In the particular scenario of the Trek-verse, they do have the ever-denounced defect of most commercial SF that all alien races seem culturally homogeneous and monolithic (OK, so lemme get this straight, in Earth there are still people who are ethnoculturally Southern USAmerican, Russian, Scots, French, Irish, Japanese, etc.; but all Klingons, all Vulcans, all Romulans, all Cardassians, all Ferengi come in just one flavor? A likely story.). But in that case, it could be a question that their worlds were once multinational and diverse, and there were whole nations with radically different worldviews and “Renaissances” and “Enlightenments” and “Ages of Discovery” wherein art and science for their own sake flourished, and only when they got to the point where there could be mass communications and world-hegemonic powers that could export their culture, did they start homogenizing. But by then the technology sector was advanced enough that they could continue research for the sake of the potential commercial opportunity (Ferengi) or for the potential military application (Klingon).

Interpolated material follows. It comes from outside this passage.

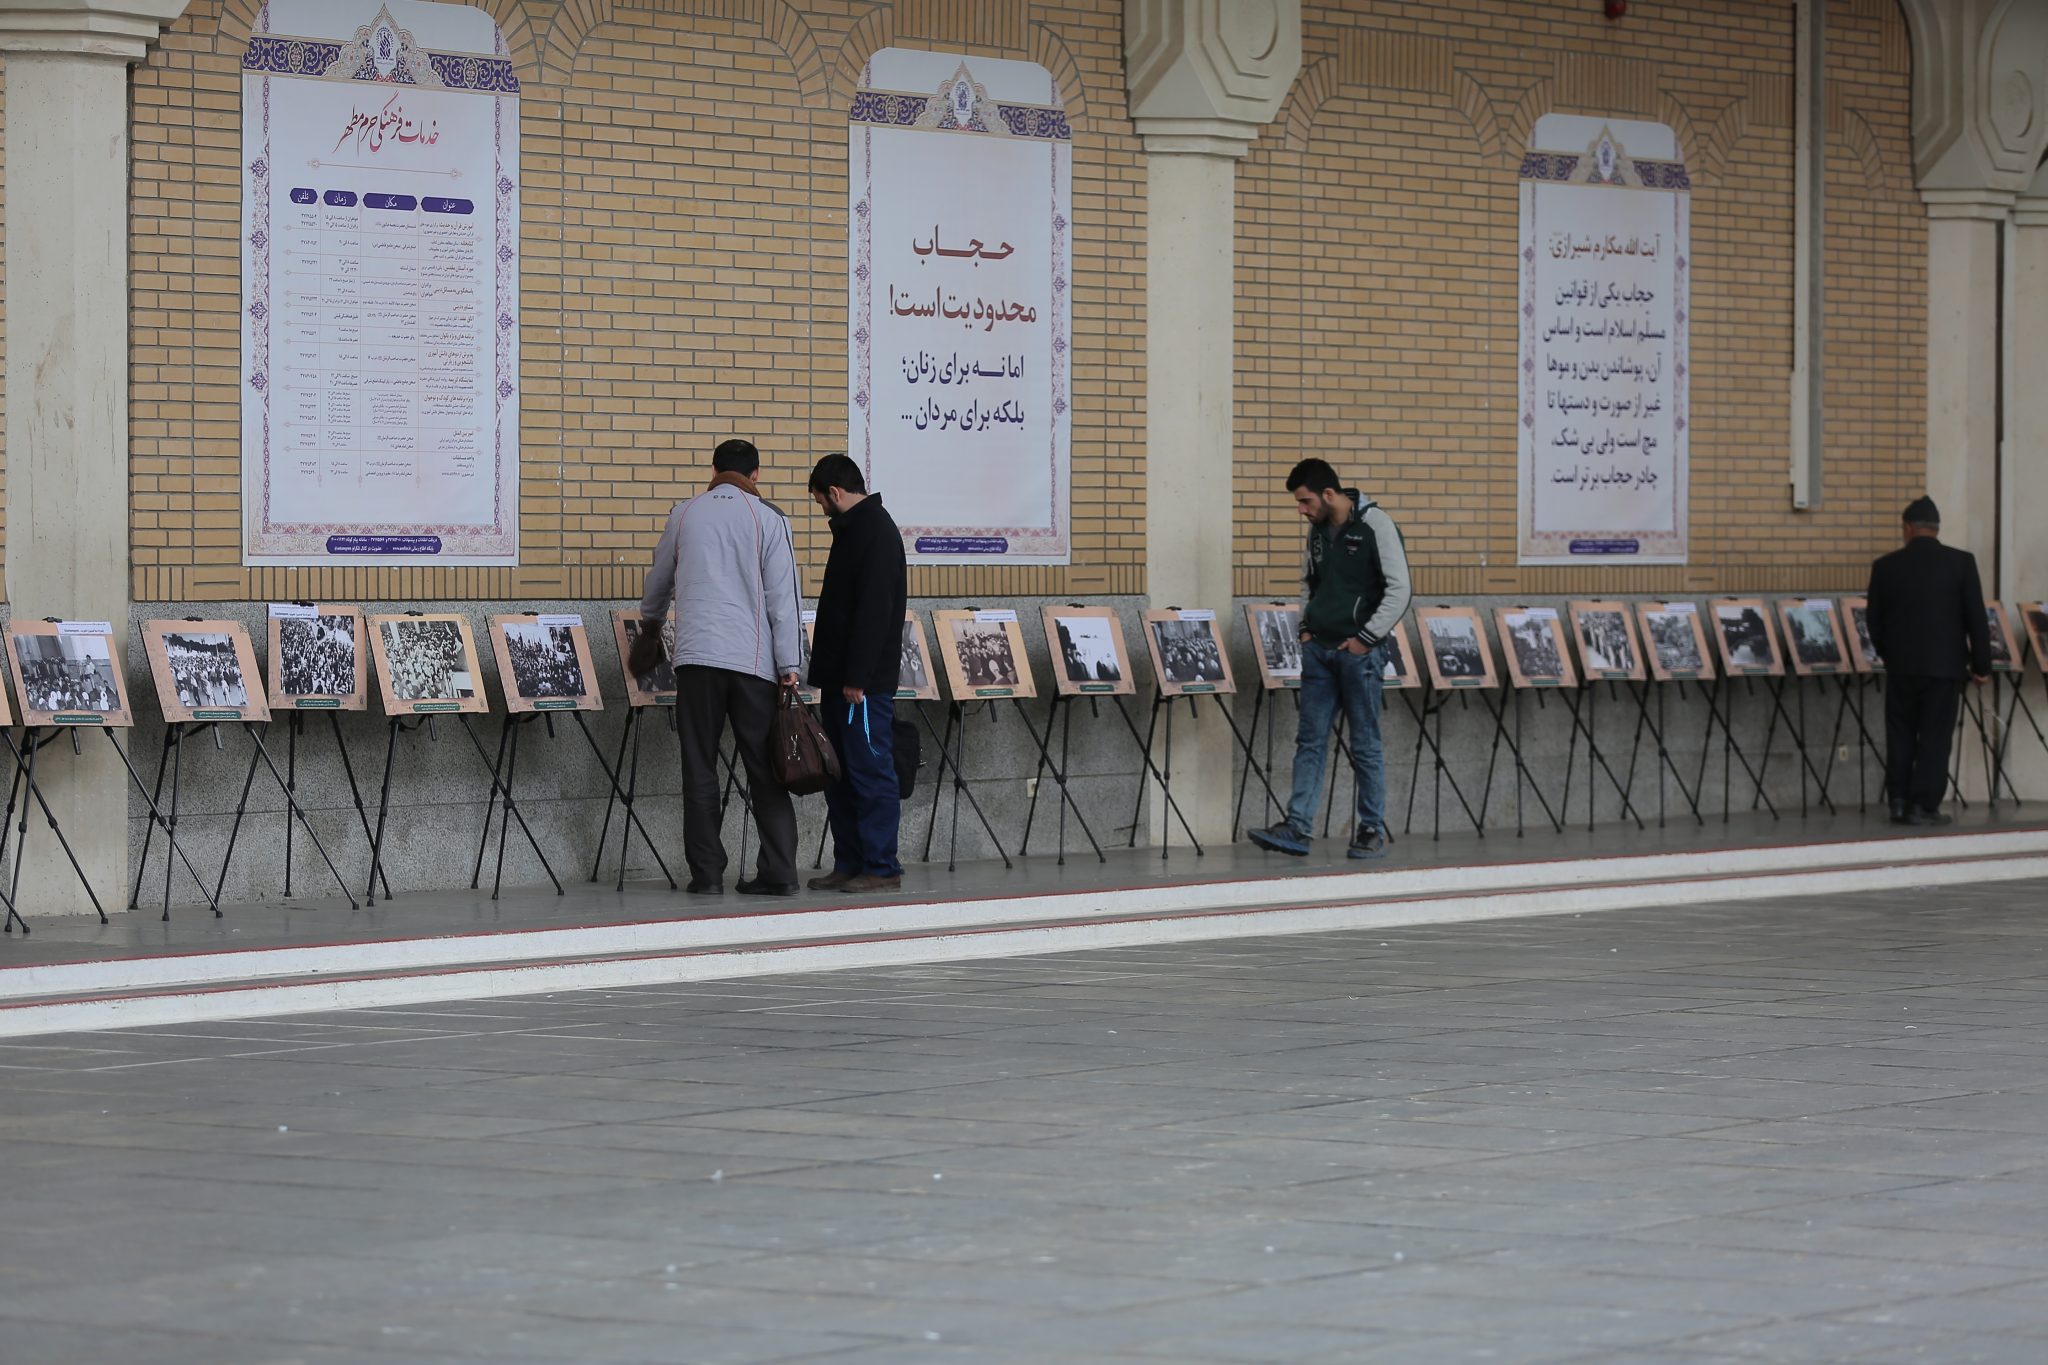 تصاویر نمایشگاه «حرم، امام، انقلاب» در صحن صاحب الزمان(عج)

Still it’s true that some of the minds behind TNG, including Gene himself, were intent on hammering us with the message about what they found wrong in OUR society, thus the whole “oh, look at these Ferengi always thinking of profit, isn’t that worthy of derision?” vibe. But even then they must have realized they could not posit that these peoples were REALLY devoid of scientists.
What I’d like to know is what was up with that one species of really, really, REALLY stoopid aliens who once kidnapped LaForge (“ooh, you’re SMART!”).

Maybe the Ferengi are distantly related to the Pakleds. After all, they *were * presented as not too bright, but managed to acquire what they needed to make their ships go.

Have you ever thought that noone else caught the racism inherent in the Ferengi depiction because it wasn’t there?

He was just being playing to stereotypes and being facetious, like “American ettiqutte expert,” “French hygenist,” or “lover of British cuisine.”